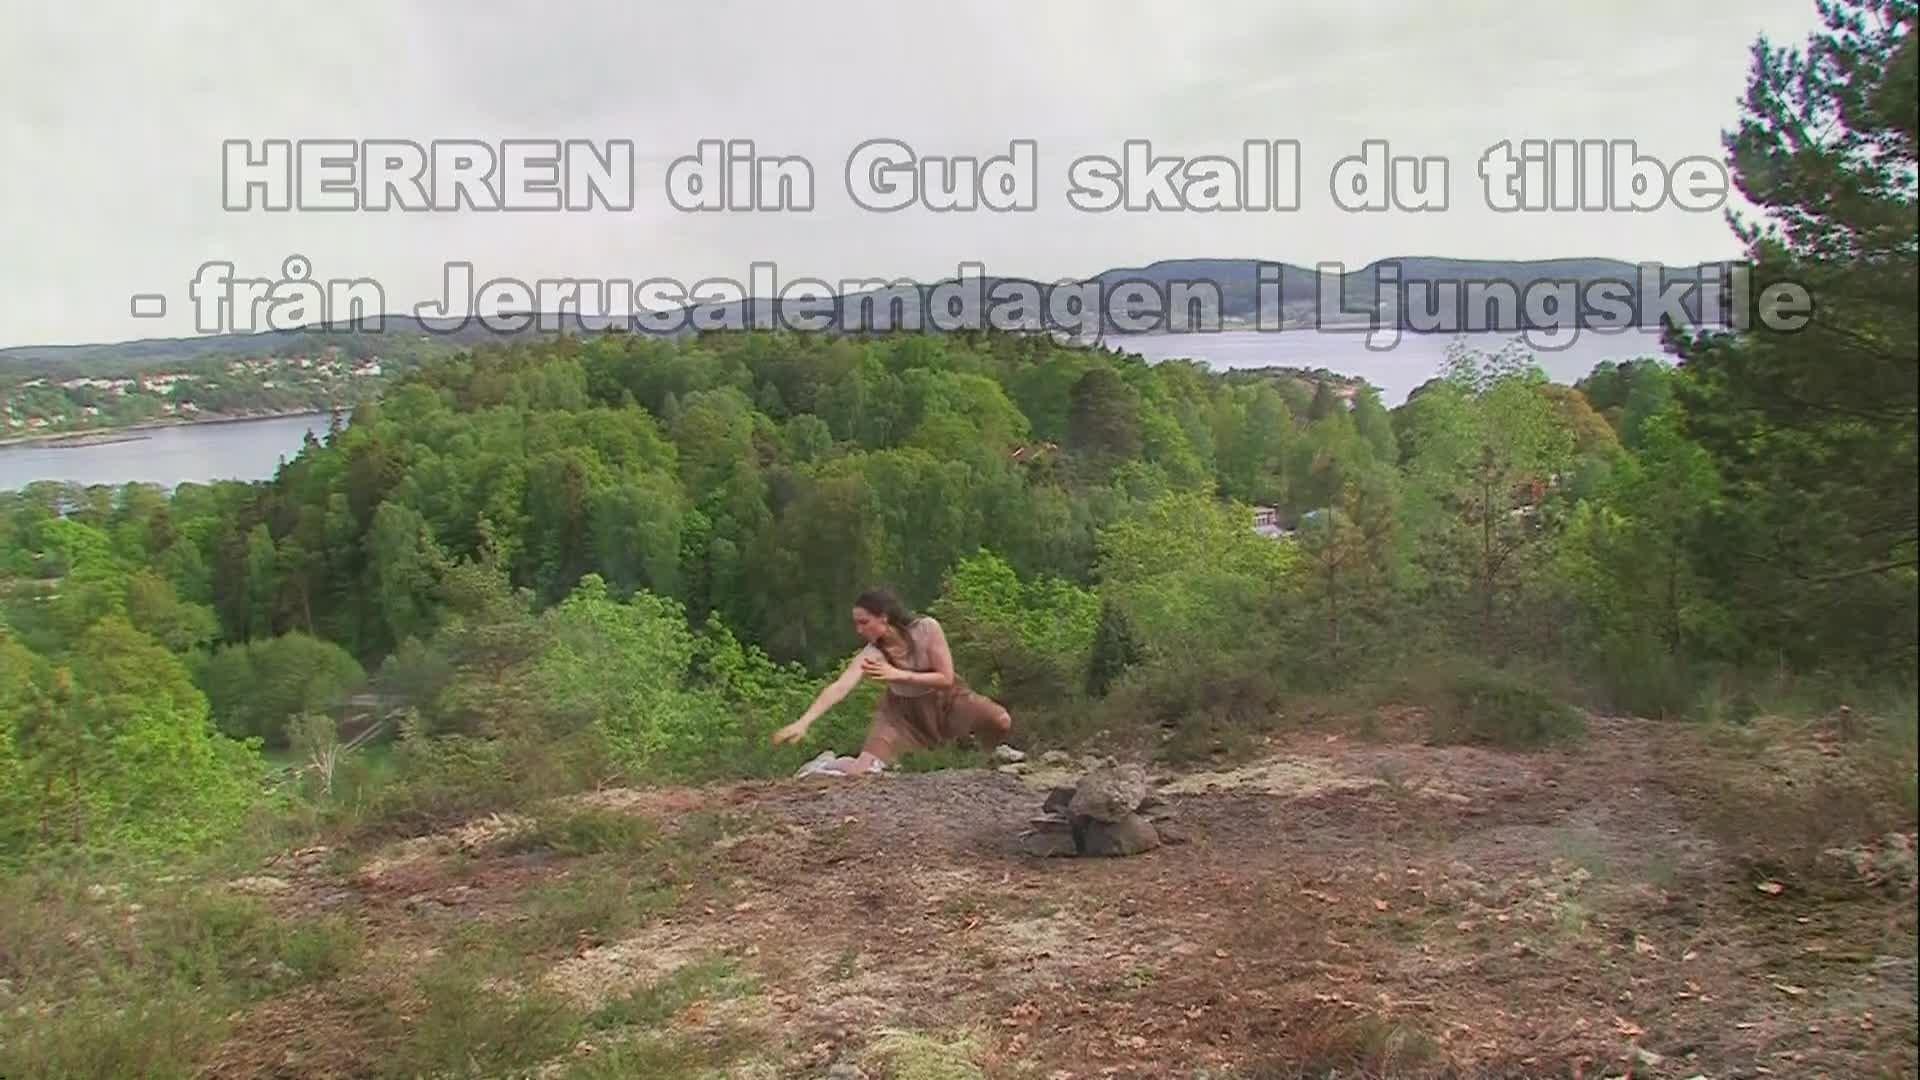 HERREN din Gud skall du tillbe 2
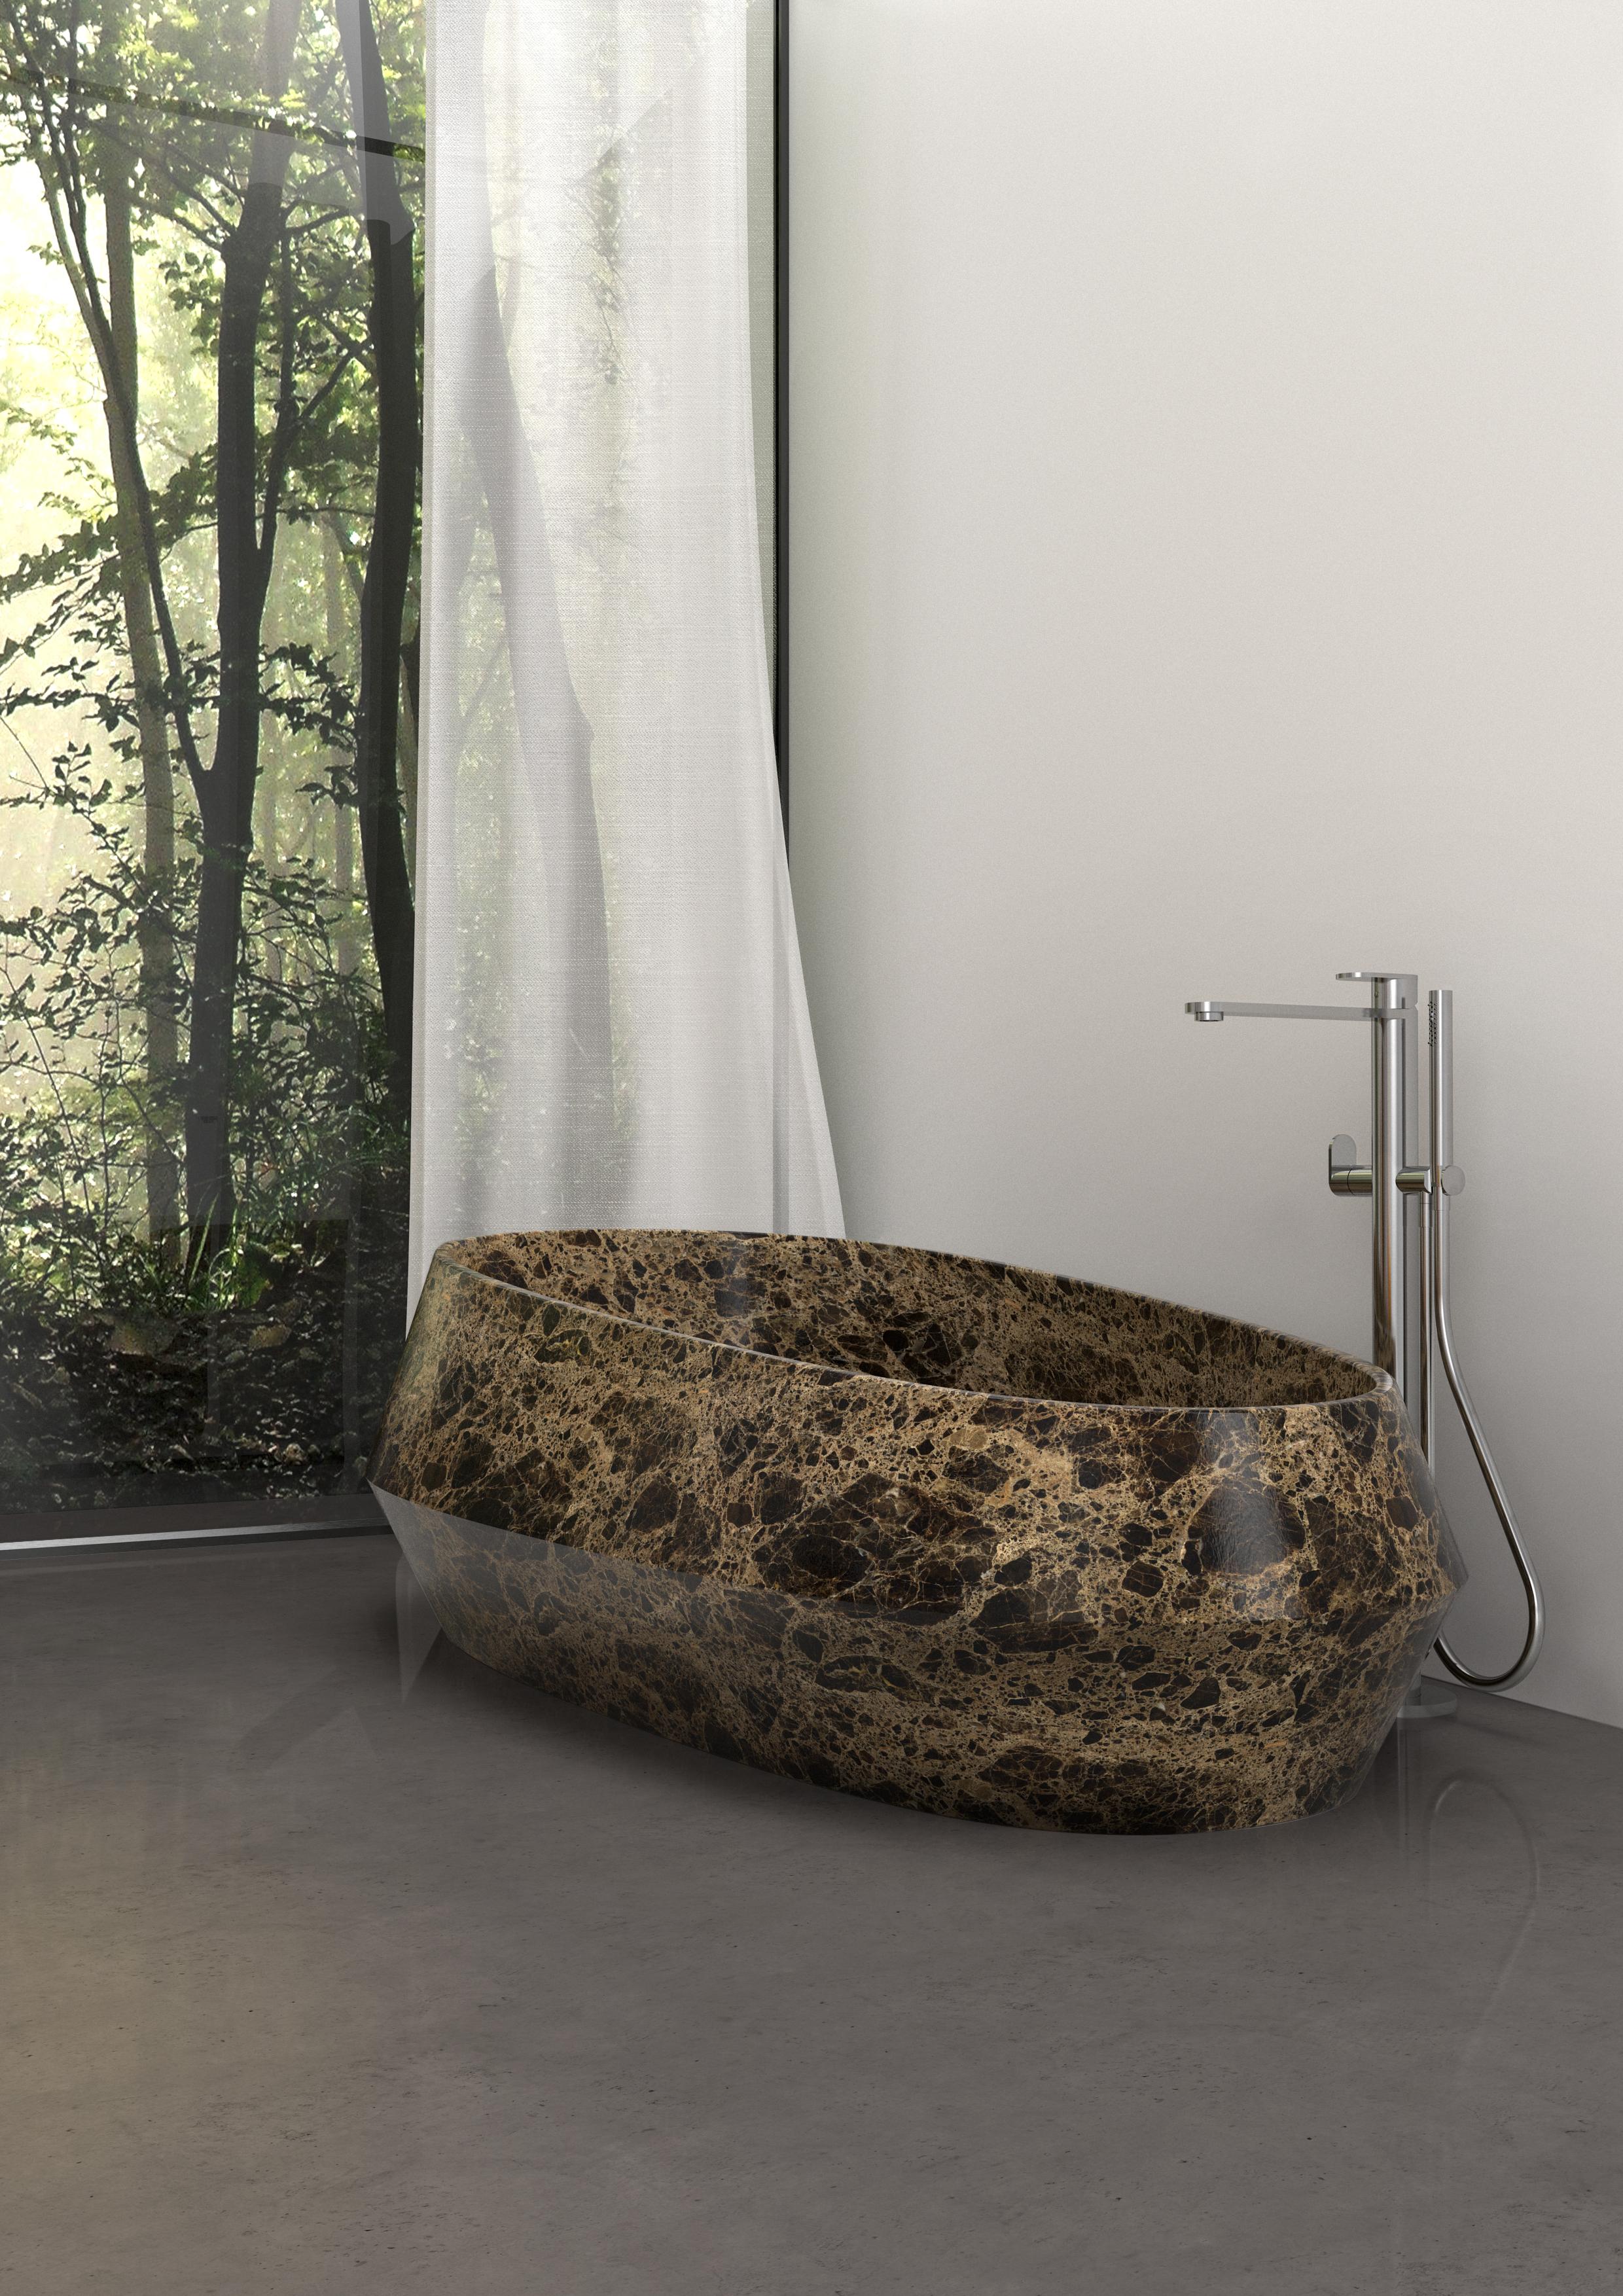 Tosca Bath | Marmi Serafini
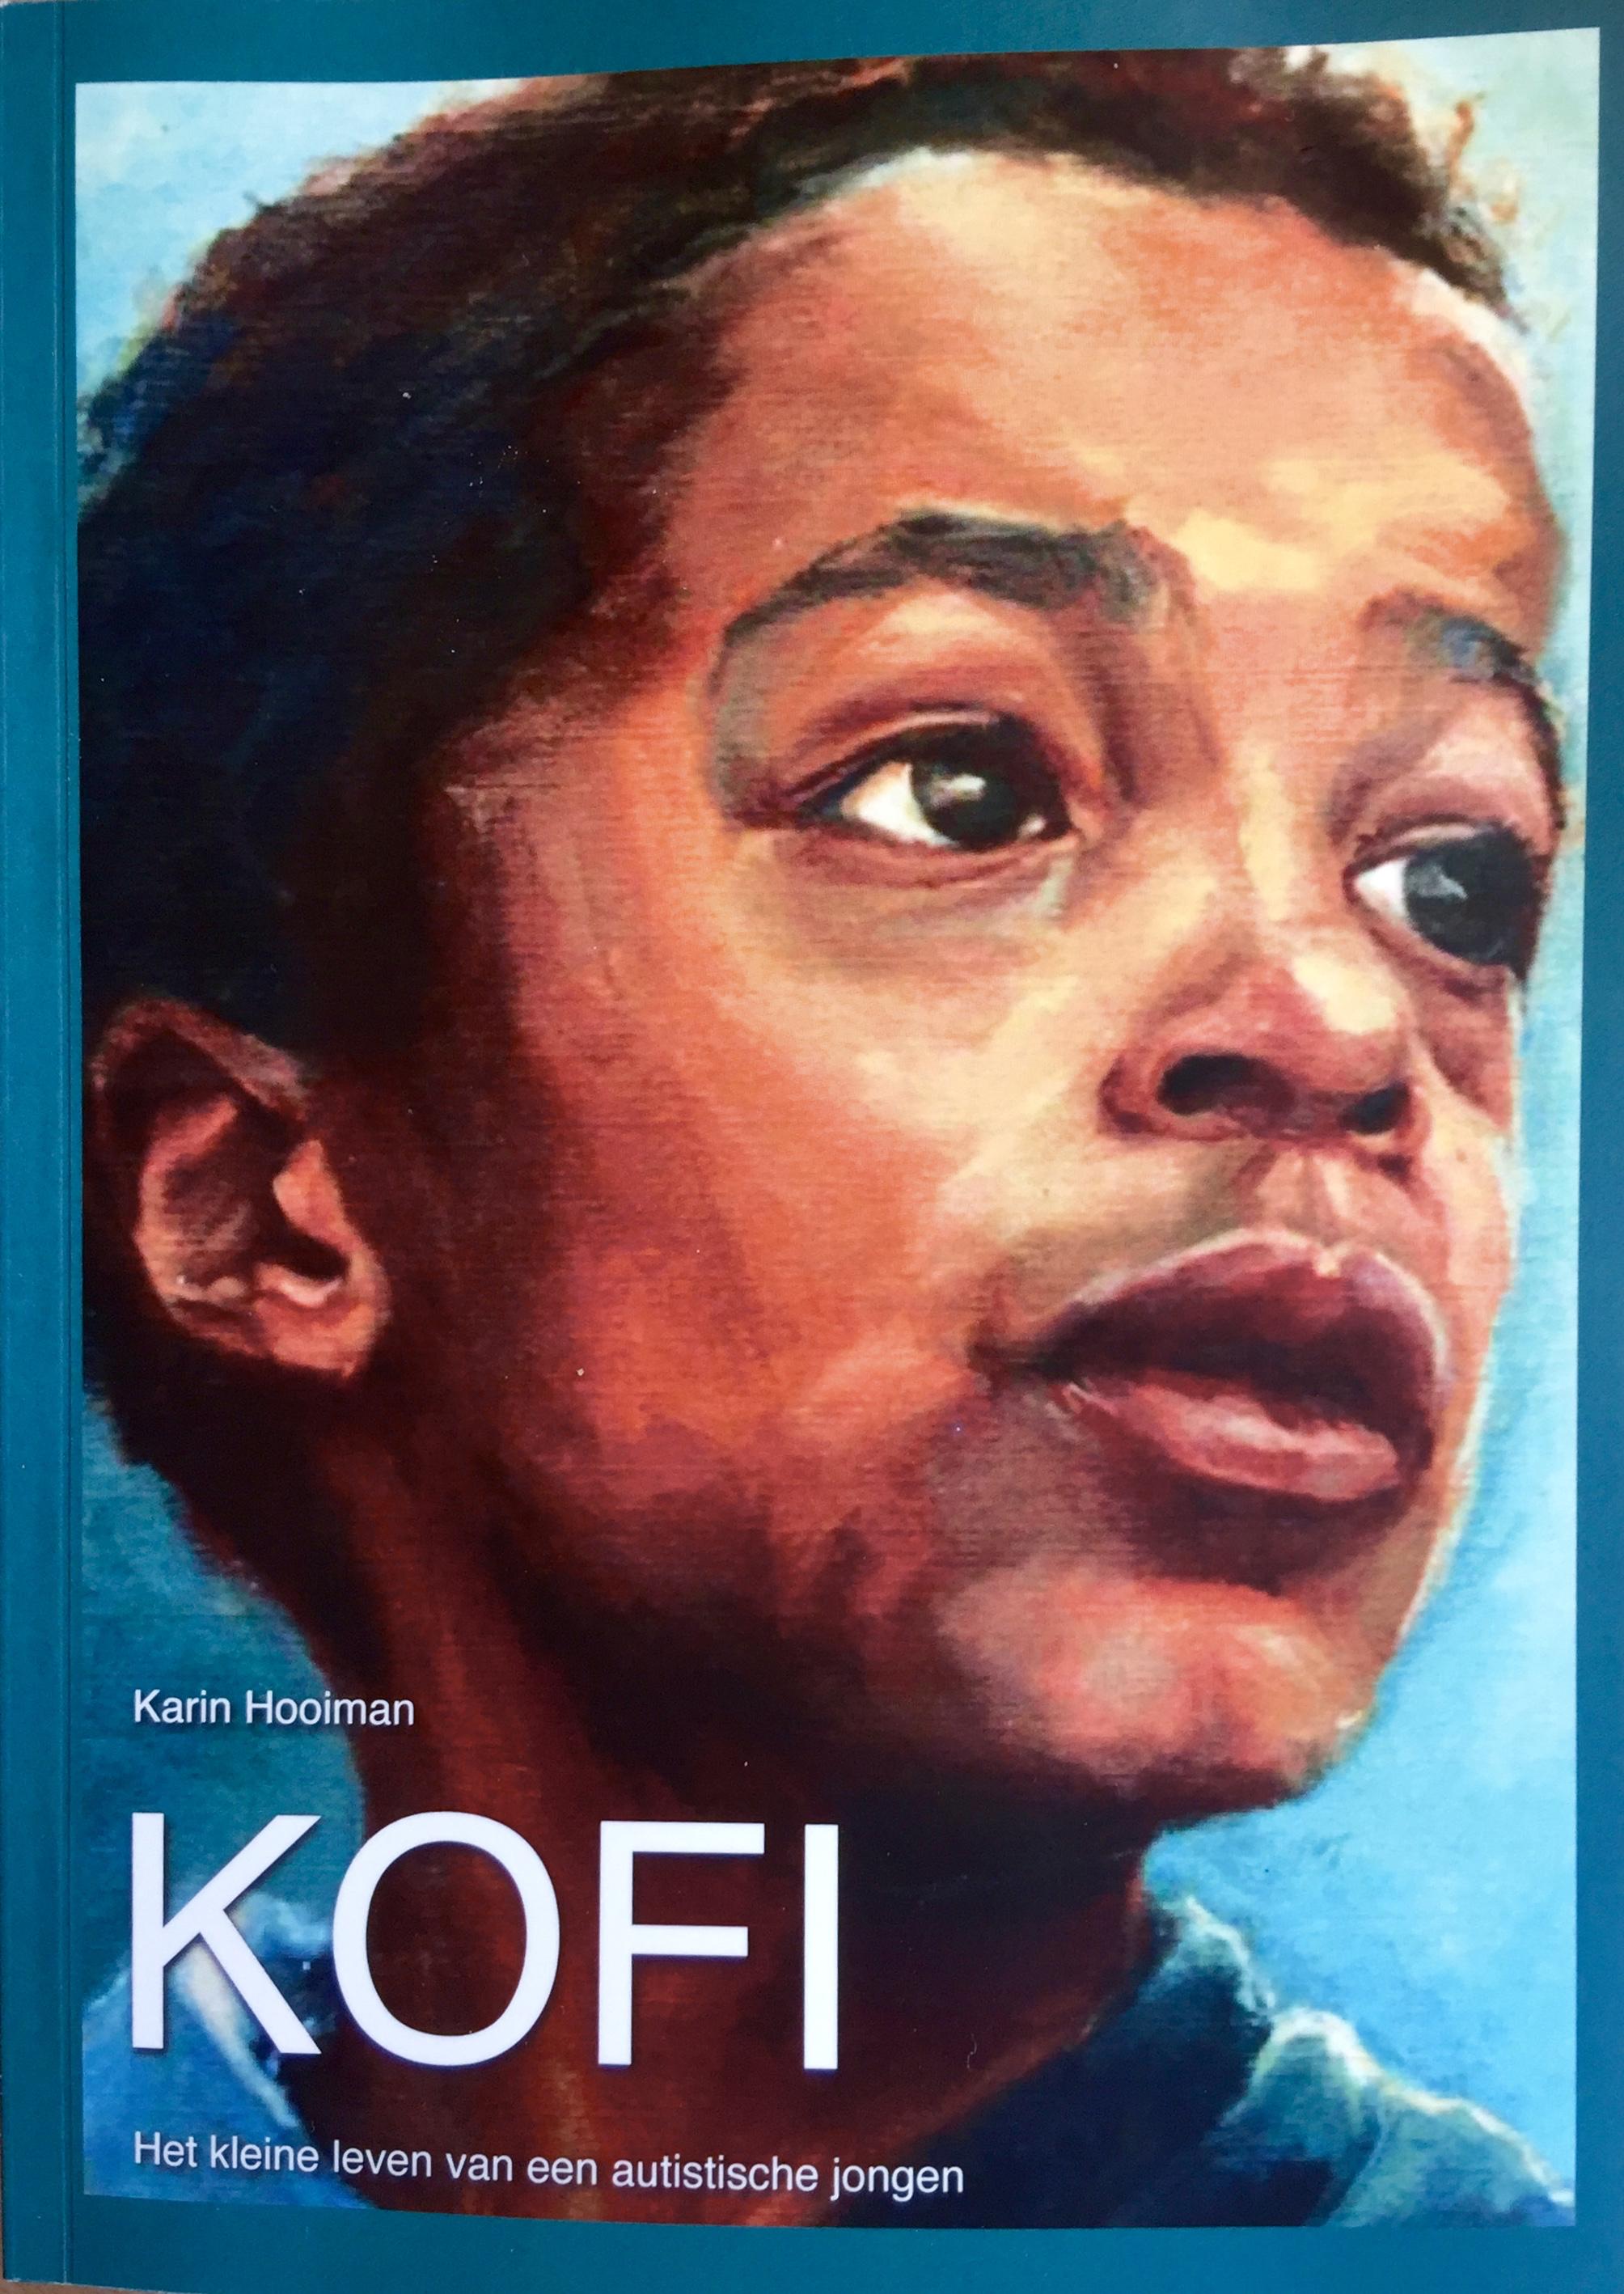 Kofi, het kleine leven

******************************

> _Required work_
Copy the material above word for word, images excluded.

> _Solution_
 HERREN din Gud skall du tillbe 2
 Tosca Bath | Marmi Serafini
 Kofi, het kleine leven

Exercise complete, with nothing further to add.